US 11,816,577 B2
	Augmentation of audiographic images for improved machine learning
Daniel Sung-Joon Park, Sunnyvale, CA (US); Quoc Le, Sunnyvale, CA (US); William Chan, Toronto (CA); Ekin Dogus Cubuk, San Francisco, CA (US); Barret Zoph, San Francisco, CA (US); Yu Zhang, Mountain View, CA (US); and Chung-Cheng Chiu, Mountain View, CA (US)
Assigned to GOOGLE LLC, Mountain View, CA (US)
Filed by Google LLC, Mountain View, CA (US)
Filed on Sep. 28, 2021, as Appl. No. 17/487,548.
Application 17/487,548 is a continuation of application No. 16/416,888, filed on May 20, 2019, granted, now 11,138,471.
Claims priority of provisional application 62/831,528, filed on Apr. 9, 2019.
Claims priority of provisional application 62/673,777, filed on May 18, 2018.
Prior Publication US 2022/0012537 A1, Jan. 13, 2022
This patent is subject to a terminal disclaimer.
Int. Cl. G10L 15/06 (2013.01); G10L 15/12 (2006.01); G06N 3/084 (2023.01); G10L 15/16 (2006.01); G10L 15/28 (2013.01); G06N 20/00 (2019.01); G06F 18/214 (2023.01); G06V 10/774 (2022.01); G06V 10/82 (2022.01)

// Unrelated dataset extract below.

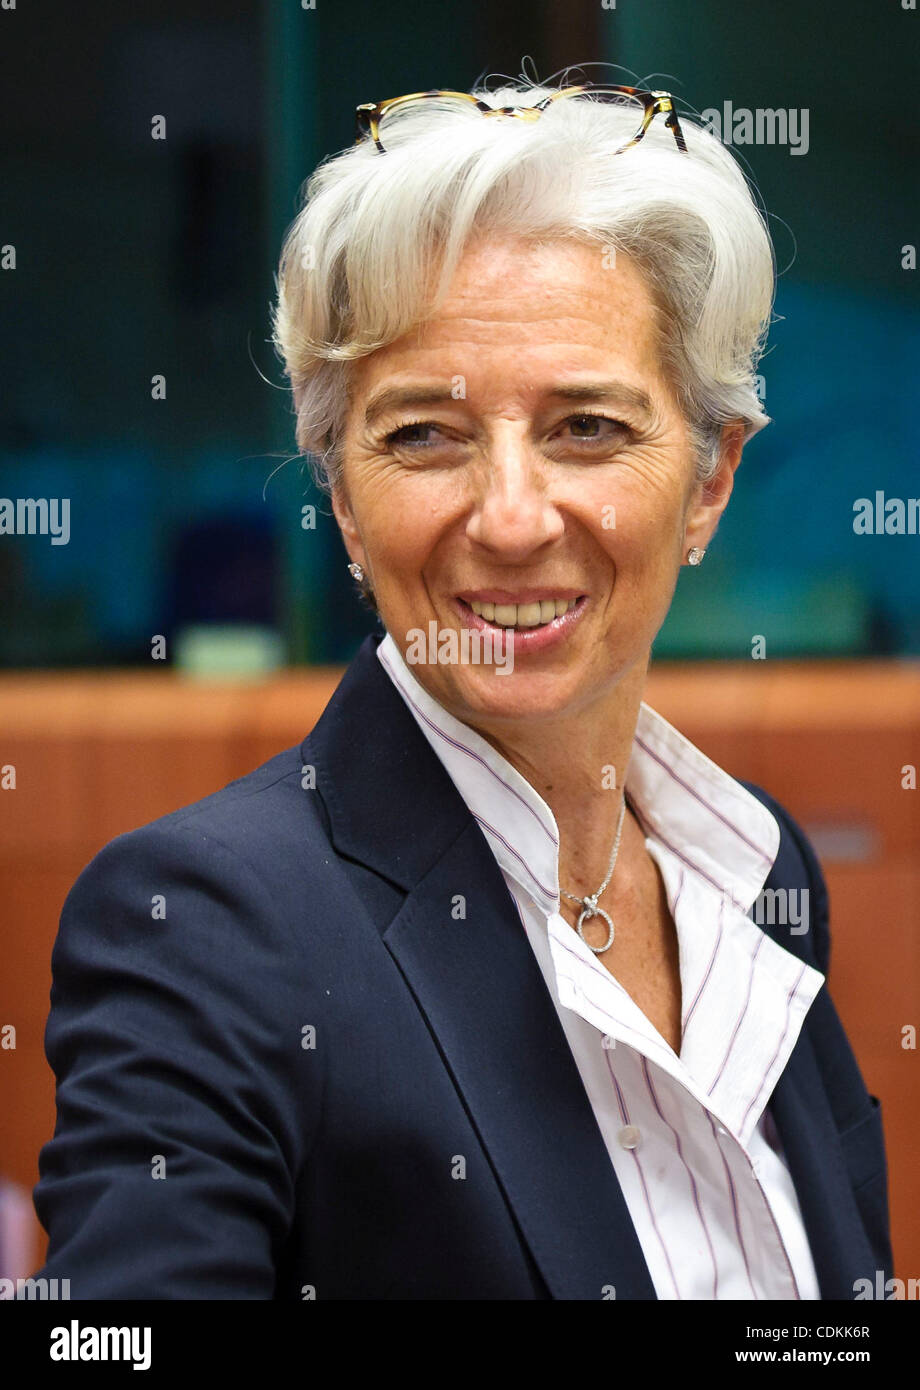 Mar. 21, 2011 - Brussels, BXL, Belgium - French Finance Minister Christine Lagarde  before a ministerial meeting on European Stability Mecanism at EU headquarters in Brussels  in  Brussels, Belgium on 2011-03-21 The extraordinary meeting of finance ministers of the eurozone will finalize discussions Stock Photo
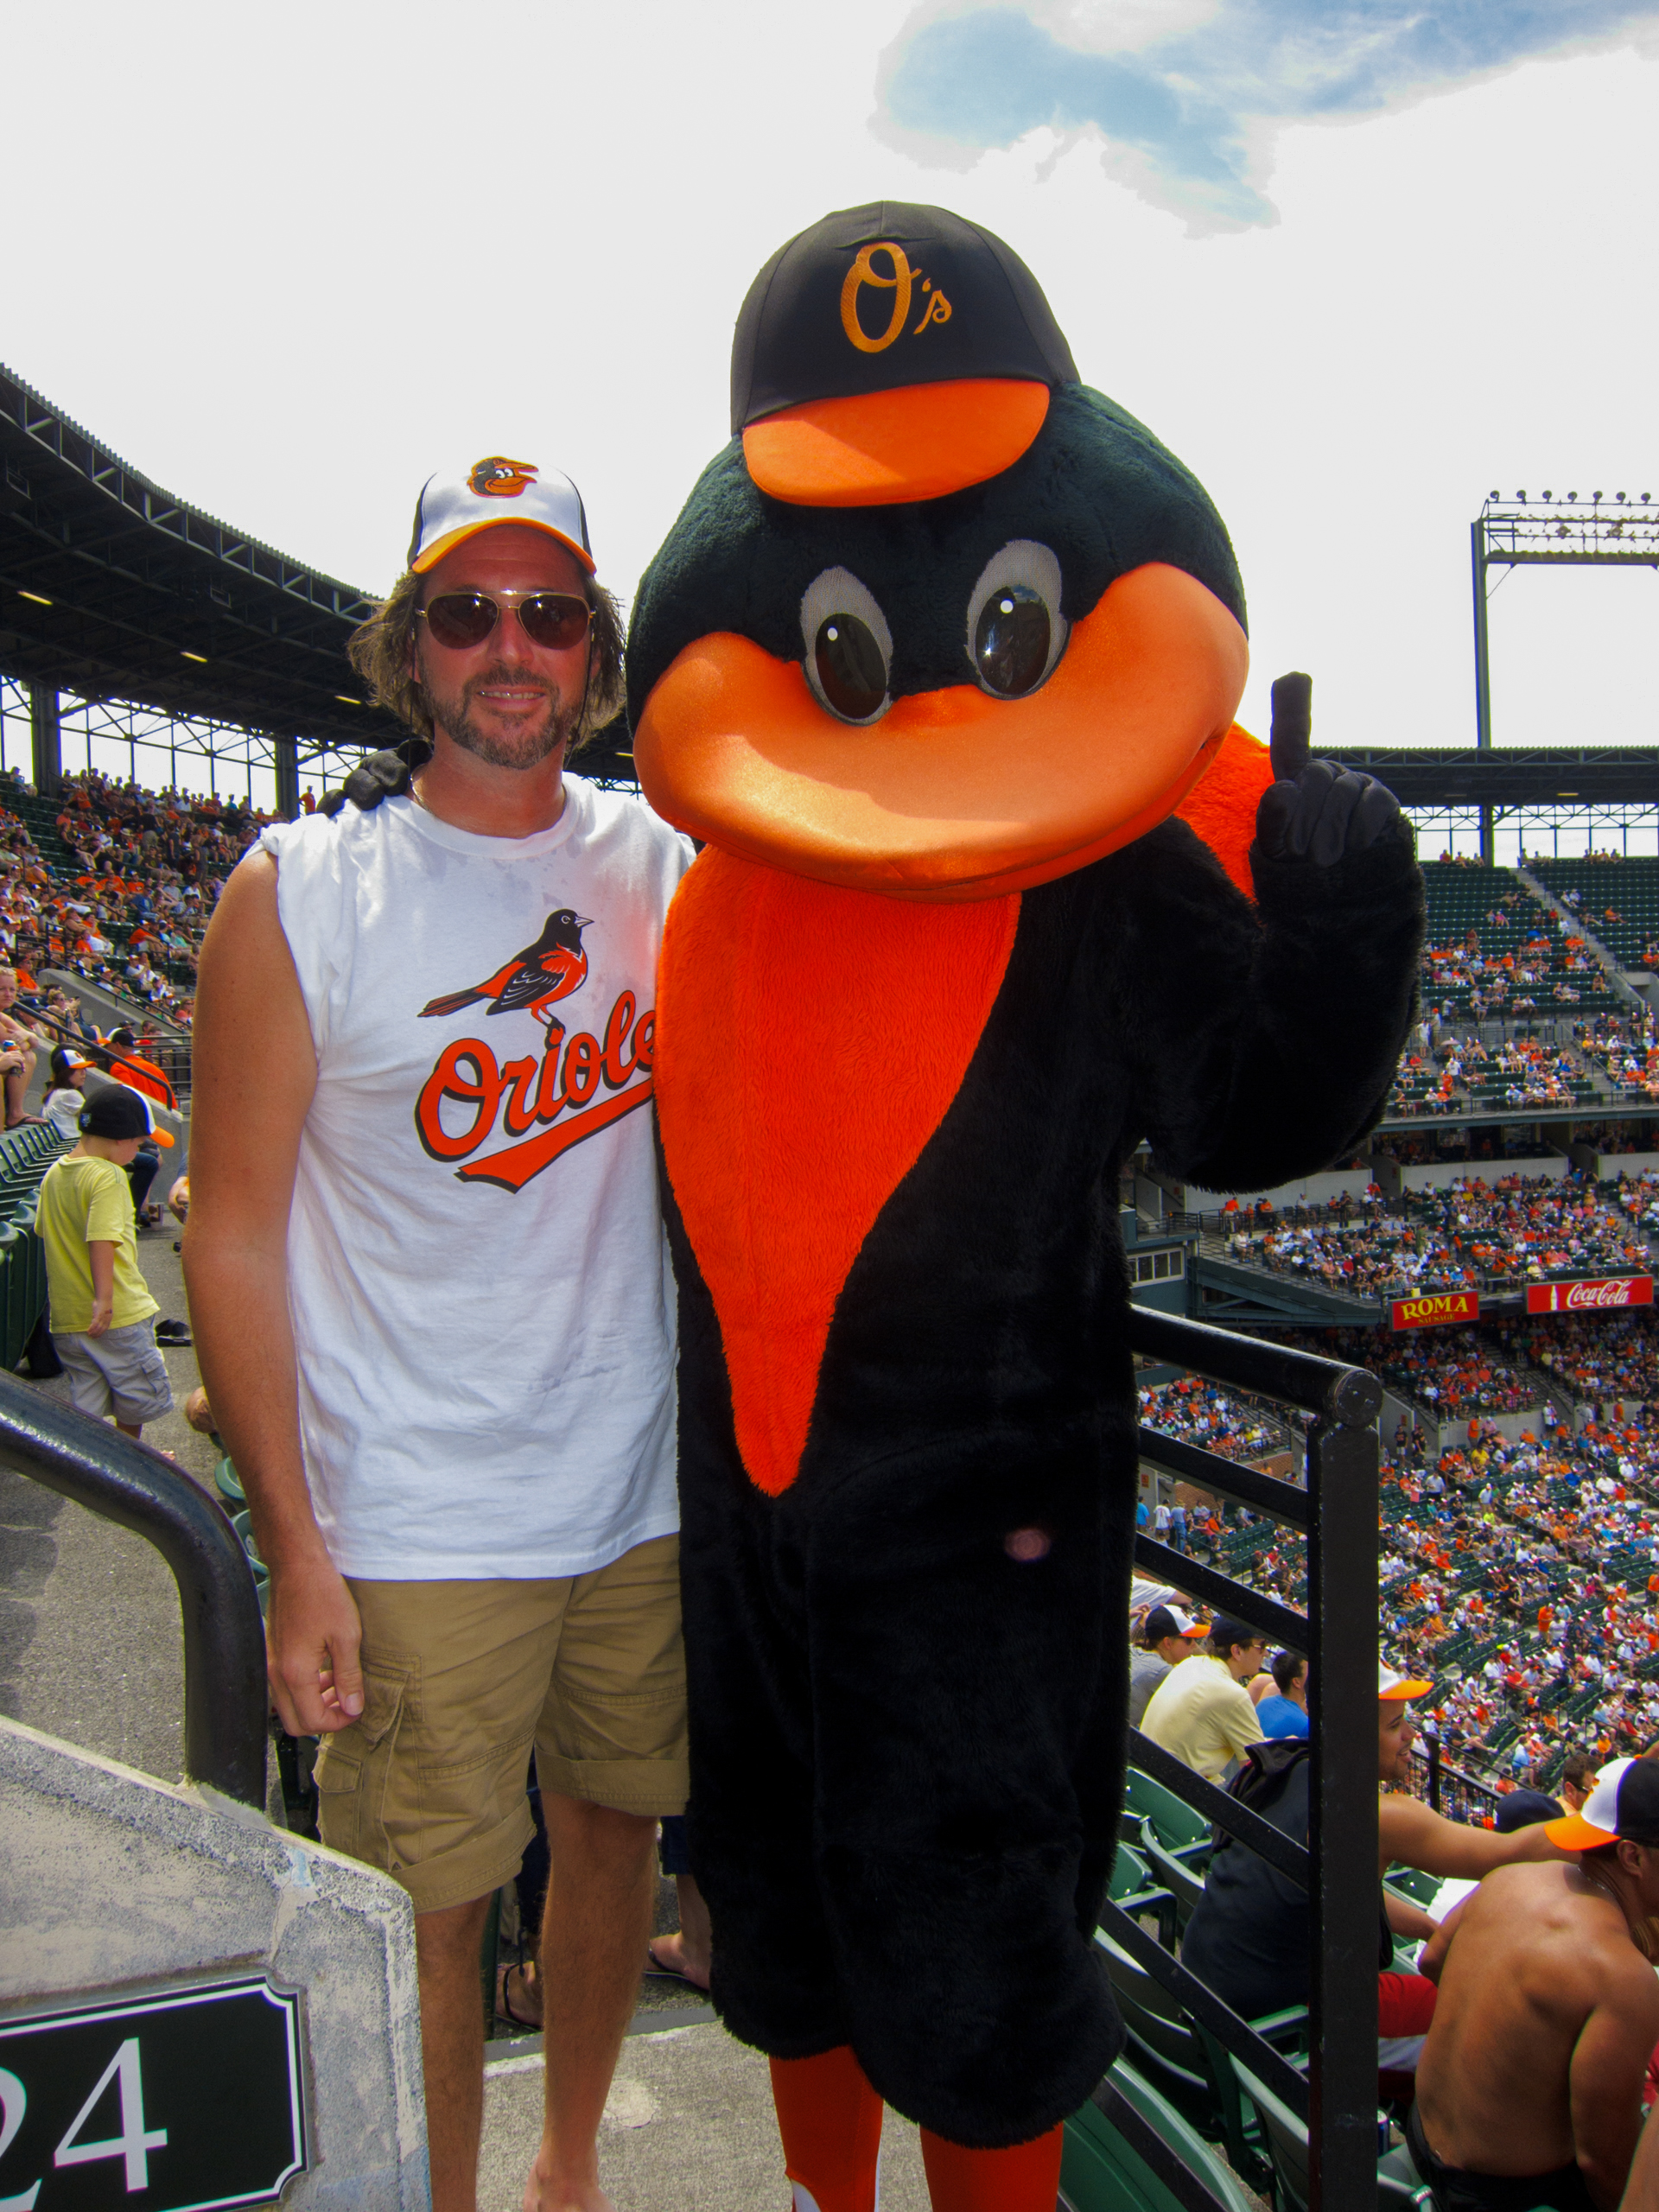 Posing with the Oriole mascot

CPC G06N 3/084 (2013.01) [G06F 18/2148 (2023.01); G06N 20/00 (2019.01); G06V 10/7747 (2022.01); G06V 10/82 (2022.01); G10L 15/063 (2013.01); G10L 15/12 (2013.01); G10L 15/16 (2013.01); G10L 15/28 (2013.01)]

22 Claims

21. One or more non-transitory computer-readable media that collective store instructions that, when executed by one or more processors, cause the one or more processors to perform operations, the operations comprising:

obtaining a plurality of audiographic images that visually represent an audio signal, wherein the plurality of audiographic images correspond to a plurality of times of the audio signal;

generating, using one or more augmentation operations, a plurality of augmented images based on the plurality of audiographic images, wherein the one or more augmentation operations includes:

a time warping operation comprising warping image content of the audiographic image along an axis representative of time,

a frequency masking operation comprising changing pixel values for image content associated with a certain subset of frequencies represented by the audiographic image, or

a time masking operation comprising changing pixel values for image content associated with a certain subset of a time steps represented by the audiographic image;

inputting the plurality of augmented images into a machine-learned audio processing model to generate one or more predictions;

evaluating an objective function that scores the one or more predictions generated by the machine-learned audio processing model; and

modifying respective values of one or more parameters of the machine-learned audio processing model based on the objective function.